Happy hunting! (and thanks to Adi)

Tuesday, March 06, 2007

Accuracy measures

There is a host of metrics for evaluating predictive performance. They are all based on aggregating the forecast errors in some form. The two most famous metrics are RMSE (Root-mean-squared-error) and MAPE (Mean-Absolute-Percentage-Error). In an earlier posting (Feb-23-2006) I disclosed a secret deciphering method for computing these metrics.

Although these two have been the most popular in software, competitions, and published papers, they have their shortages. One serious flaw of the MAPE is that zero counts contribute to the MAPE the value of infinity (because of the division by zero). One solution is to leave the zero counts out of the computation, but then these counts and their predictive error must be reported separately.

I found a very good survey paper of various metrics, which lists the many different metrics and their advantages and weaknesses. The paper, Another look at measures of forecast accuracy,(International Journal of Forecasting, 2006), by Hindman and Koehler, concludes that the best metric to use is the Mean Absolute Scaled Error, which has the mean acronym MASE.

Thursday, March 01, 2007

Lots of real time series data!

I love data-mining or statistics competitions - they always provide great real data! However, the big difference between a gold mine and "just some data" is whether the data description and their context is complete. This reflects, in my opinion, the difference between "data mining for the purpose of data mining" vs. "data mining for business analytics" (or any other field of interest, such as engineering or biology).

Last year, the BICUP2006 posted an interesting dataset on bus ridership in Santiego de Chile. Although there was a reasonable description of the data (number of passengers at a bus stations at 15-minute intervals), there was no information on the actual context of the problem. The goal of the competition was to accuractly forecast 3 days into the future of the data given.
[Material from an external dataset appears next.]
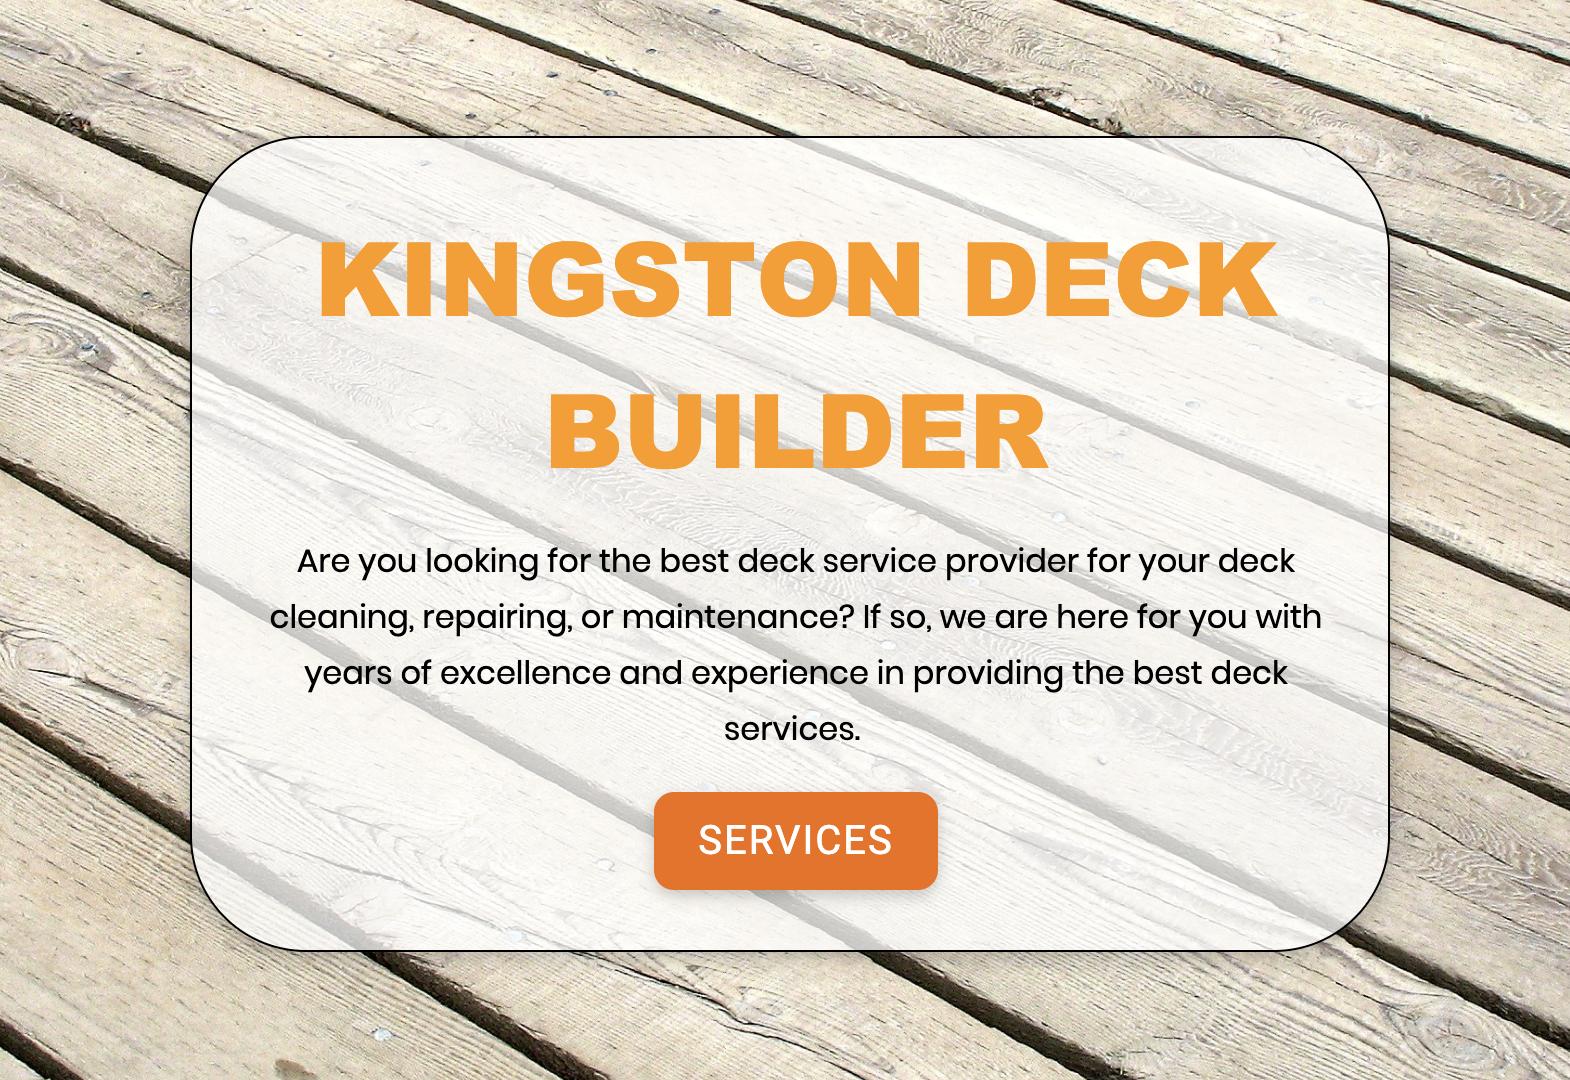 www.kingstondeckbuilder.com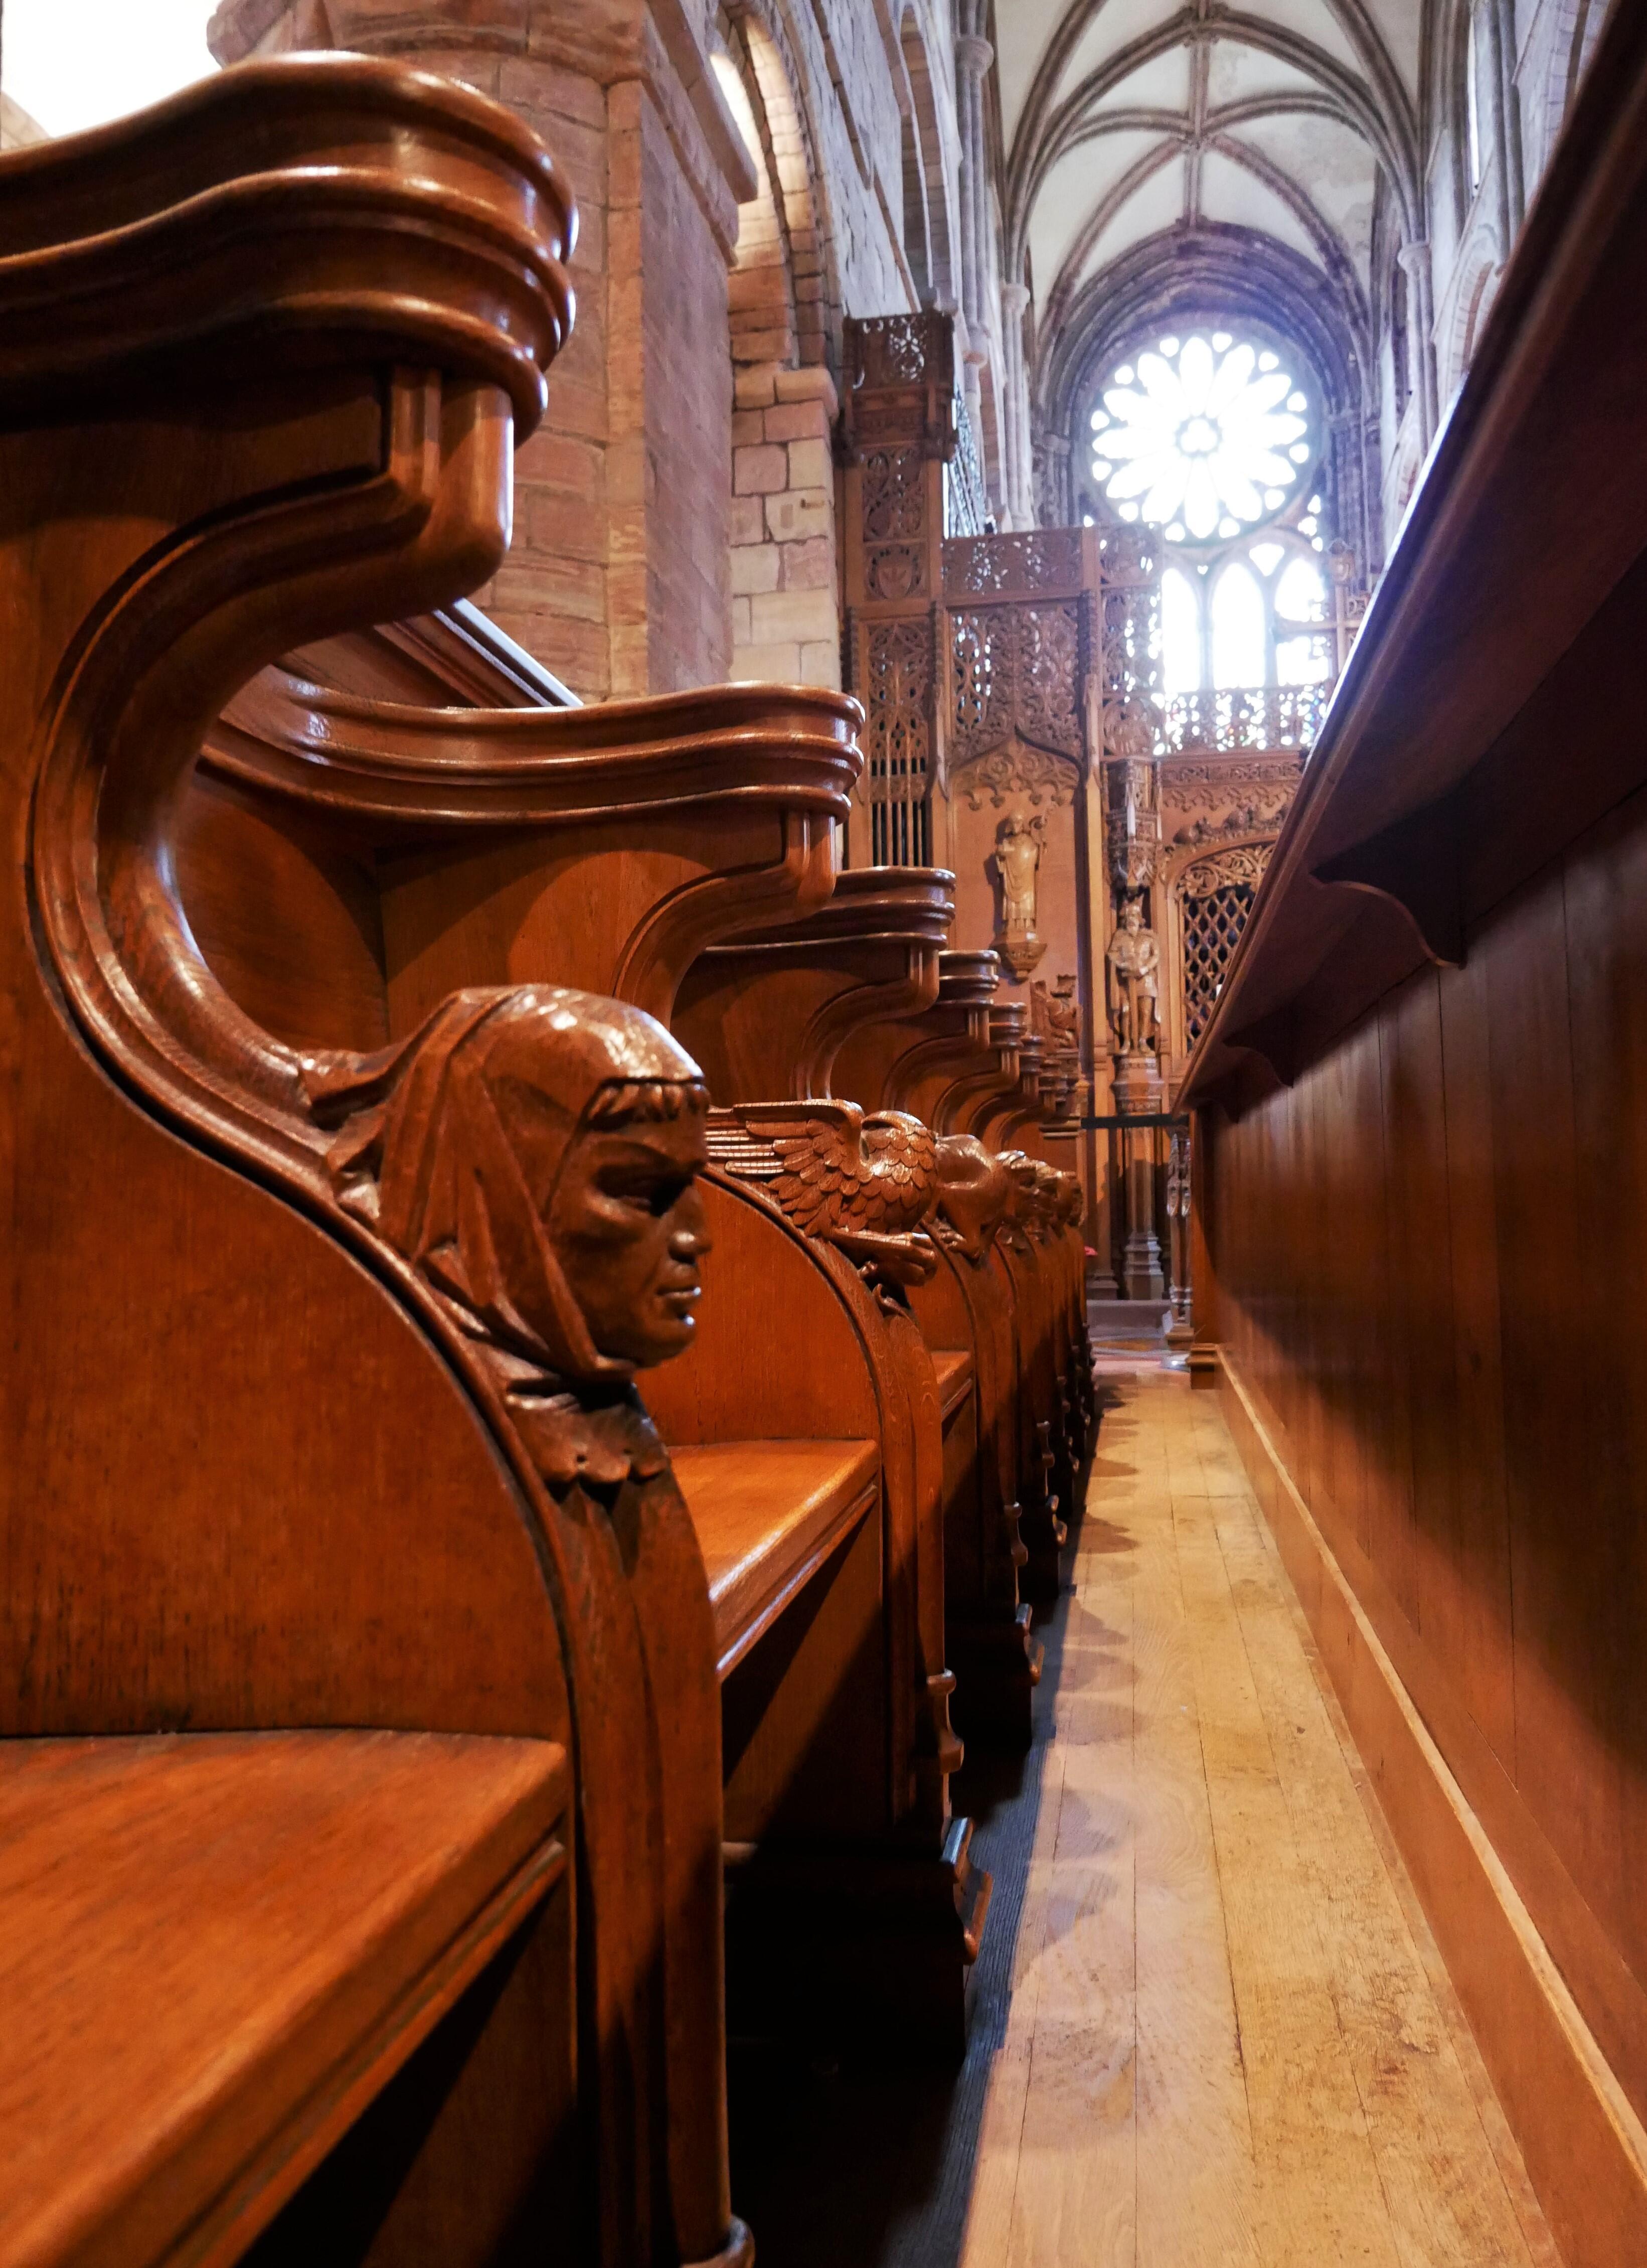 St Magnus Cathedral, Kirkwall, Orkney, Scotland, UK

Although this has its challenges, the main question is whether a method that accurately predicts these 3 days would be useful for the Santiago Transportation Bureau, or anyone else outside of the competition. For instance, the training data included 3 weeks, where there is a pronounced weekday/weekend effect. However, the prediction set include only 3 weekdays. A method that predicts accuractly weekdays might suffer on weekends. It is therefore imperative to include the final goal of the analysis. Will this forecaster be used to assist in bus scheduling on weekdays only? during rush hours only? How accurate do the forecasts need to be for practical use? Maybe a really simple model predicts accuractly enough for the purpose at hand.

Another such instance is the upcoming NN3 Forecasting Competition (as part of the 2007 International Symposium on Forecasting). The dataset includes 111 time series, varying in length (about 40-140 time points). However, I have not found any description neither of the data nor of the context. In reality we would always know at least the time frequency: are these measurements every second? minute? day? month? year? This information is obviously important for determining factors like seasonality and which methods are appropriate.
To download the data and see a few examples, you will need to register your email.

An example of a gold mine is the T-competition, which concentrates on forecasting transportation data. In addition to the large number of series (ranging in length and at various frequencies from daily to yearly), there is a solid description of what each series is, and the actual dates of measurement. They even include a set of seasonal indexes for each series. The data come from an array of transportation measurements in both Europe and North America.